• **Exercise goal**
Excluding pictures, transcribe precisely the lines from the one containing "Proff Блок для" to the final line of the listing below, inclusive, and nothing more.

• **Data shown**
+ + + +
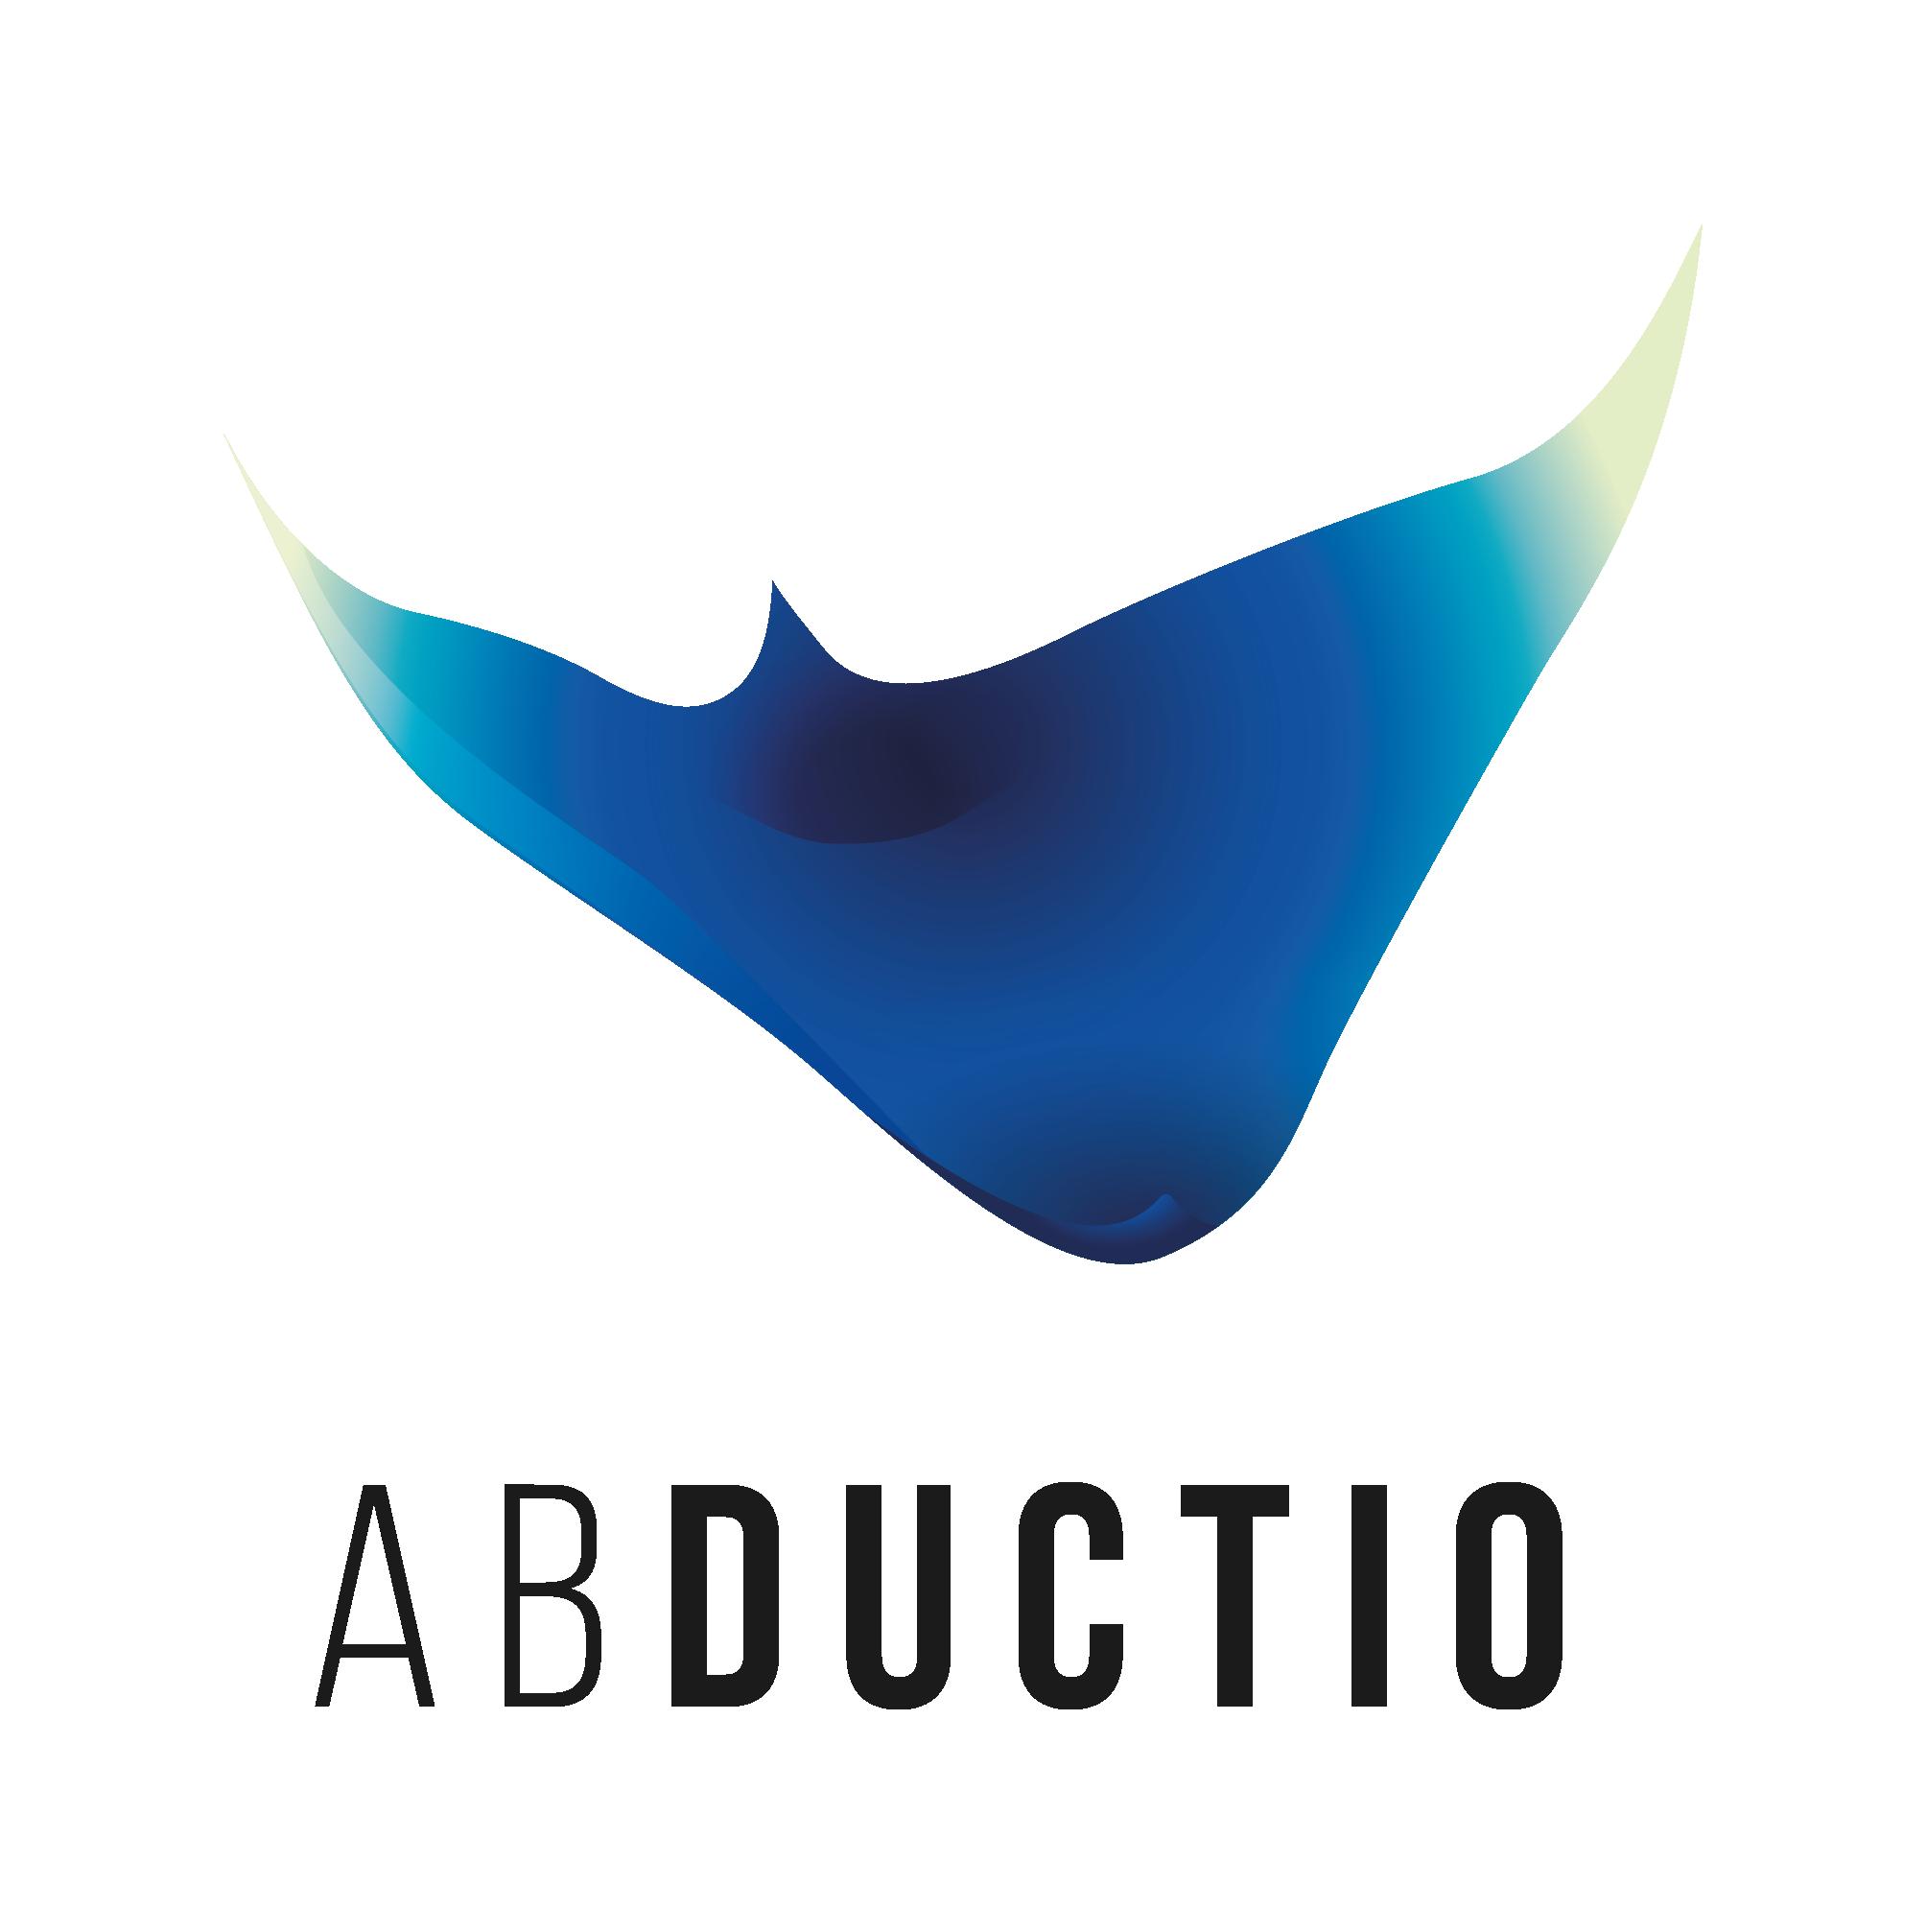 ABDUCTIO
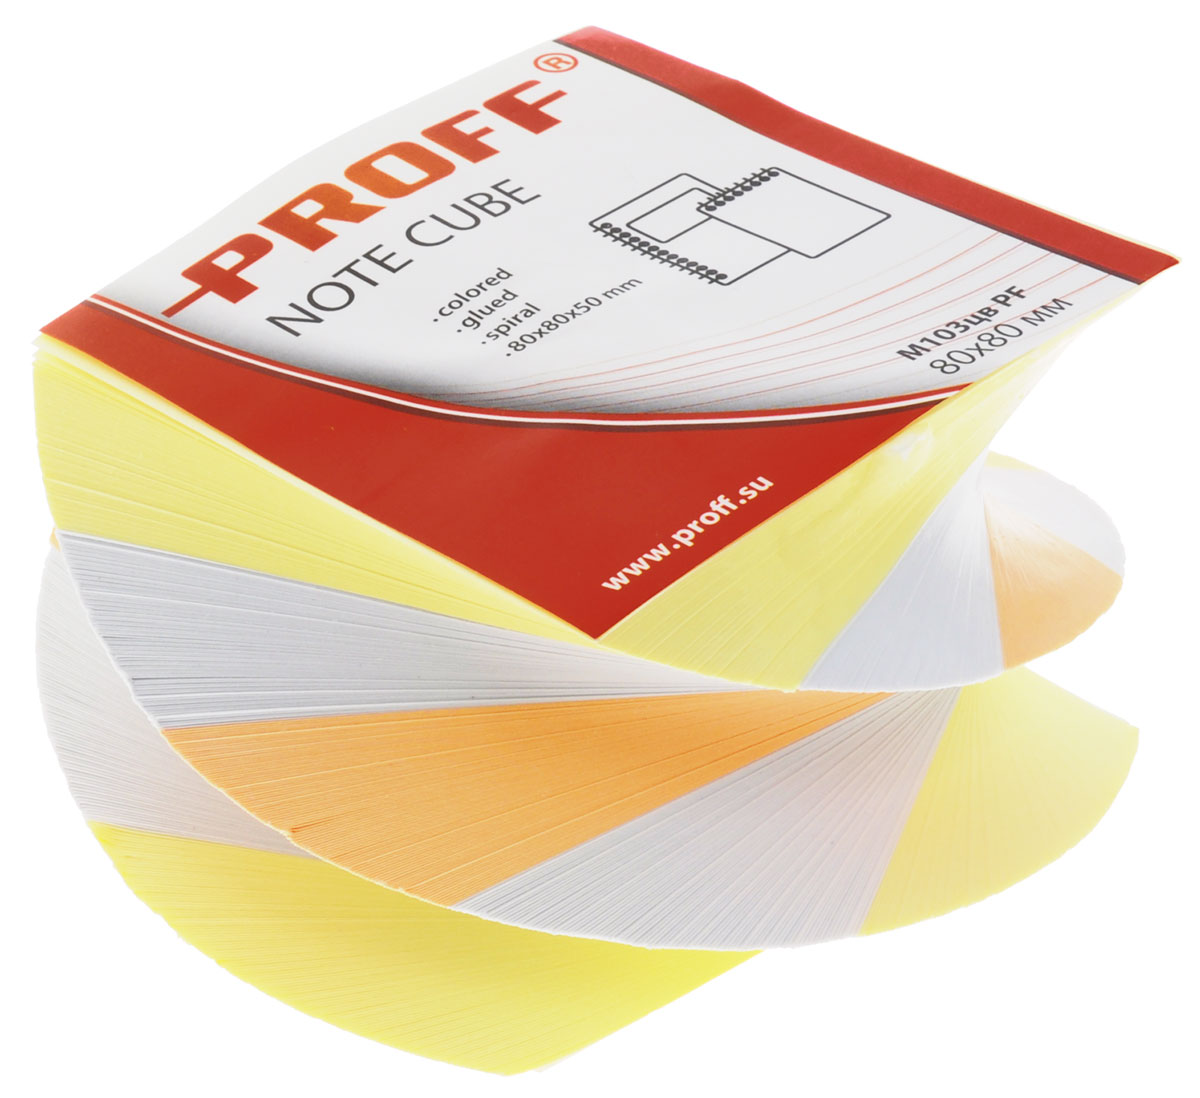 Proff Блок для записей цвет оранжевый желтый белый
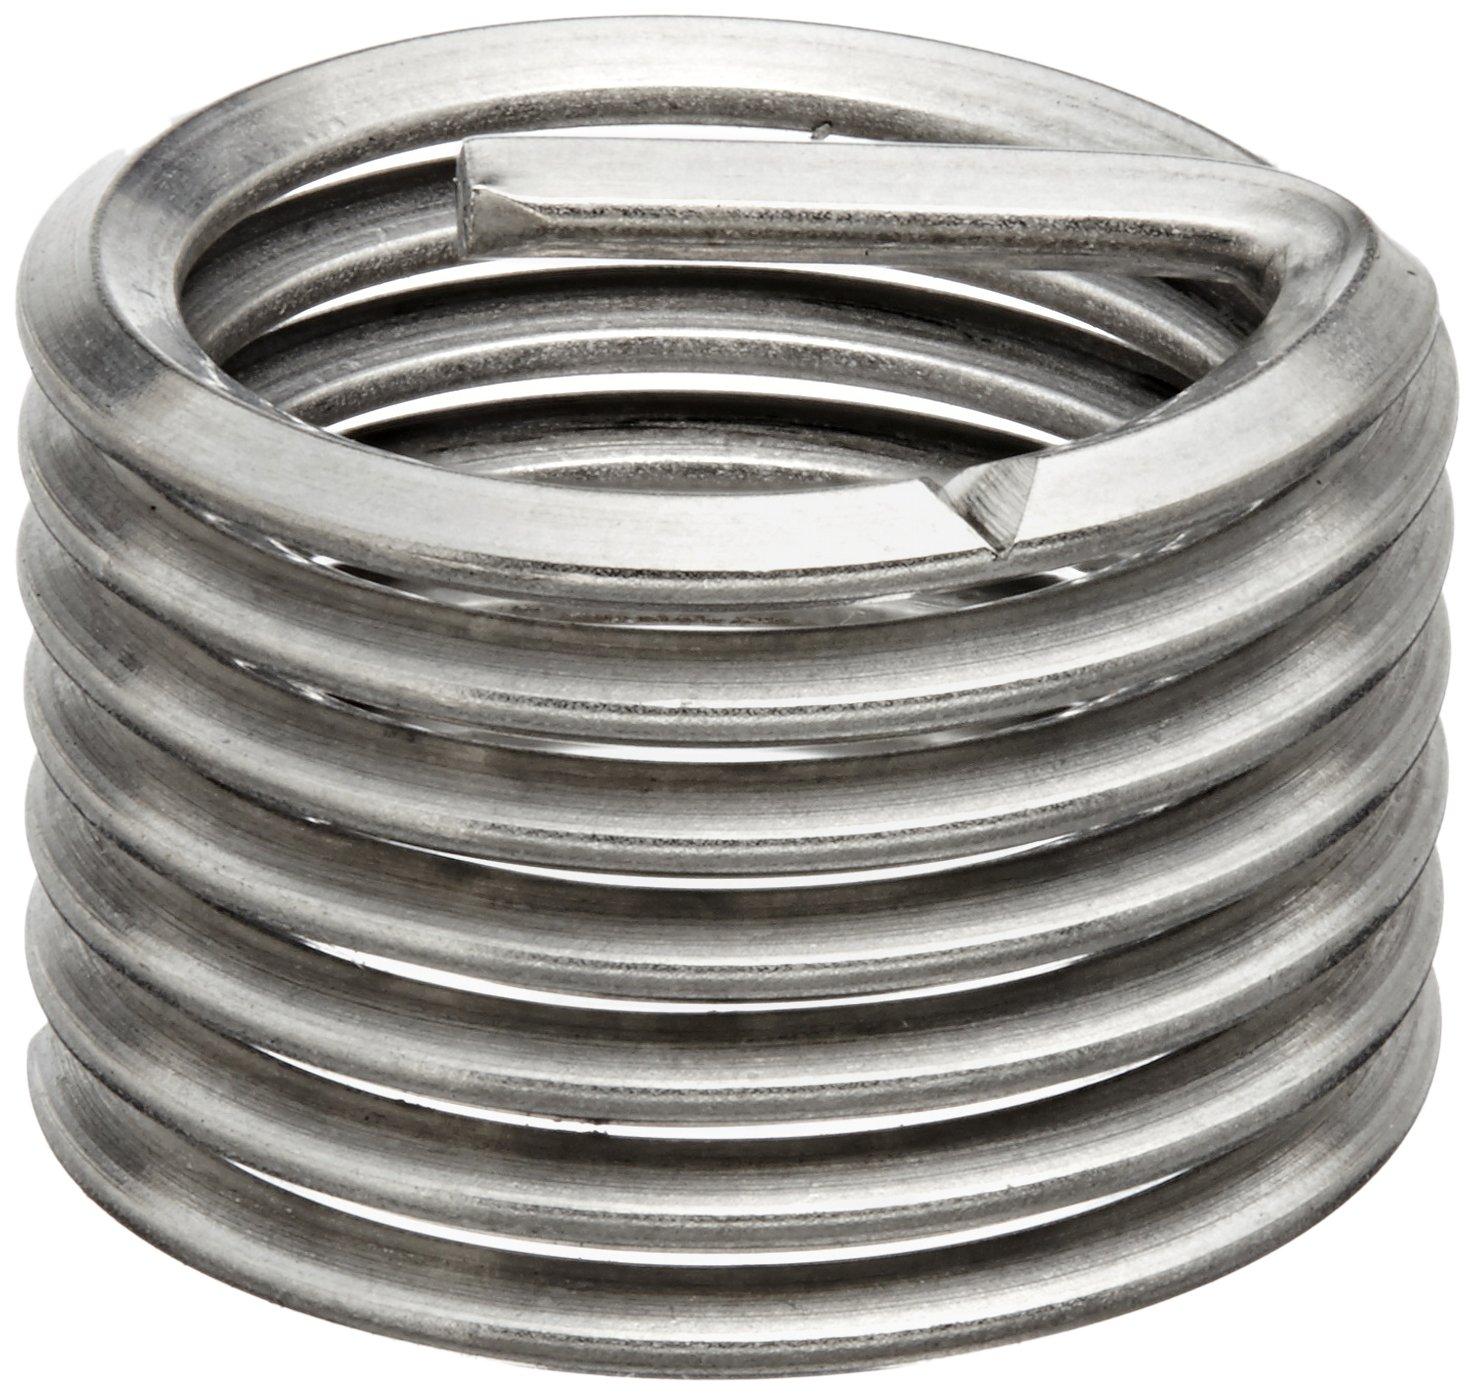 304 Stainless Steel 0.224 Installed Length Pack of 10 E-Z Lok SK30220 Helical Threaded Insert Kit #4-48 Thread Size
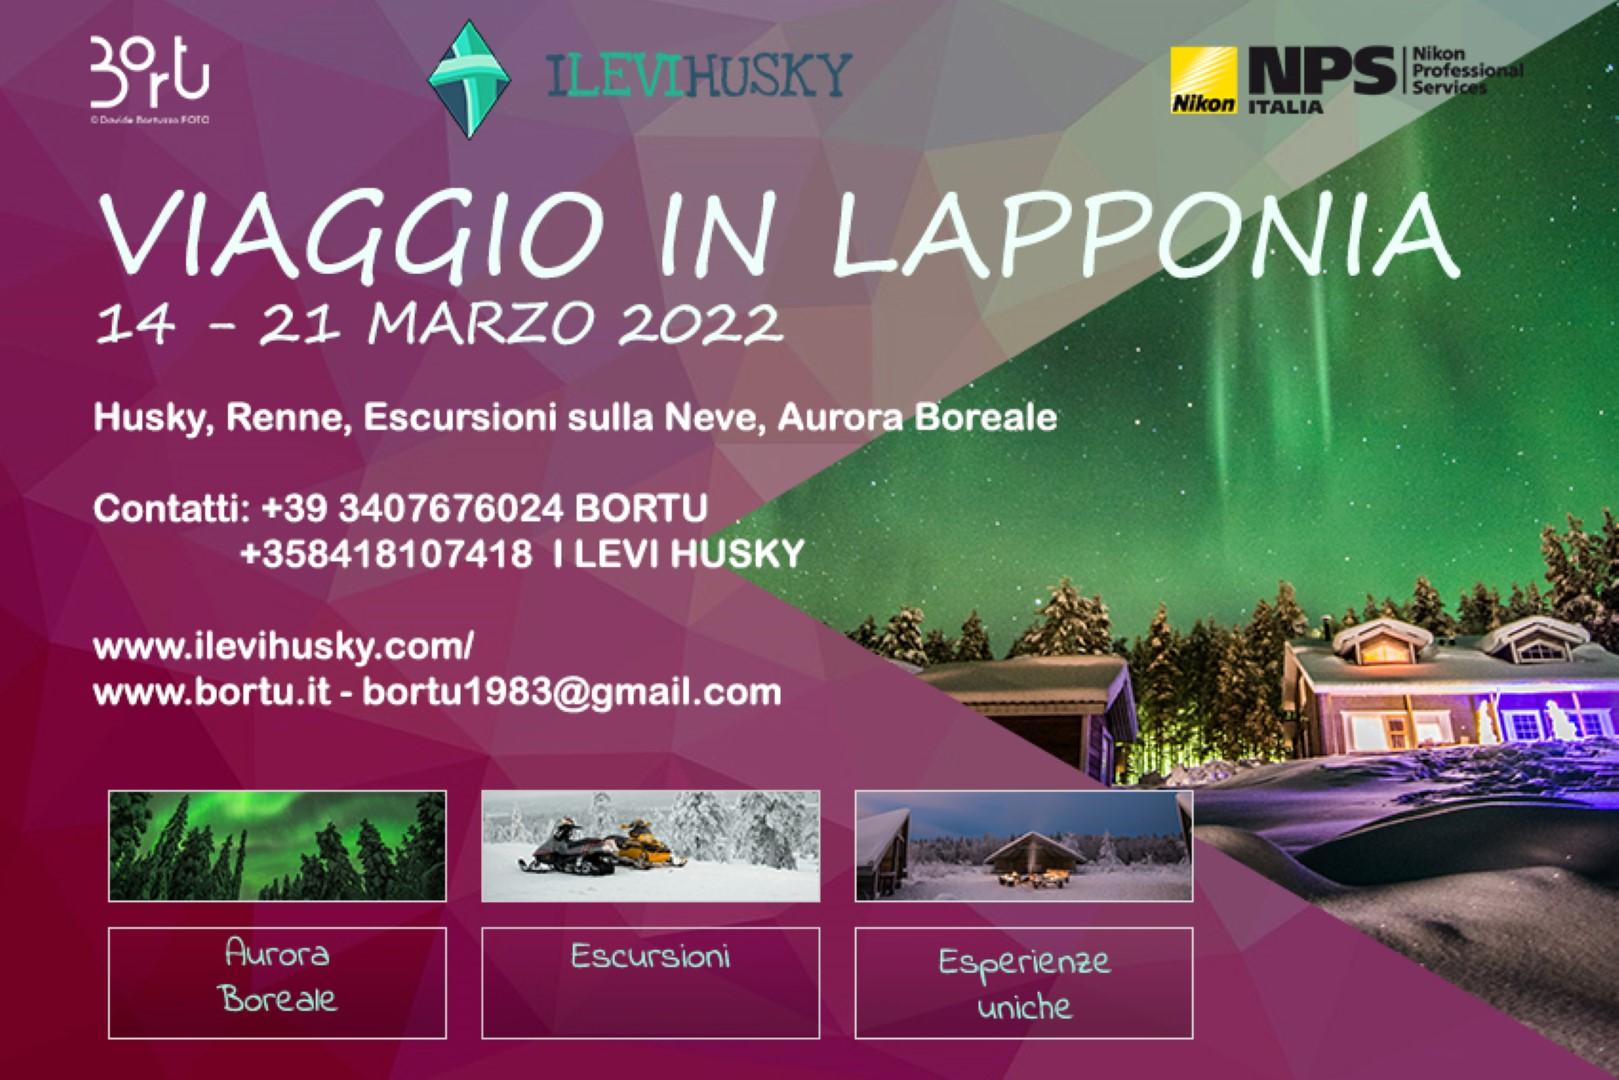 Viaggio Lapponia 2022
+ + + +
• **Written solution**
 Proff Блок для записей цвет оранжевый желтый белый
 304 Stainless Steel 0.224 Installed Length Pack of 10 E-Z Lok SK30220 Helical Threaded Insert Kit #4-48 Thread Size
 Viaggio Lapponia 2022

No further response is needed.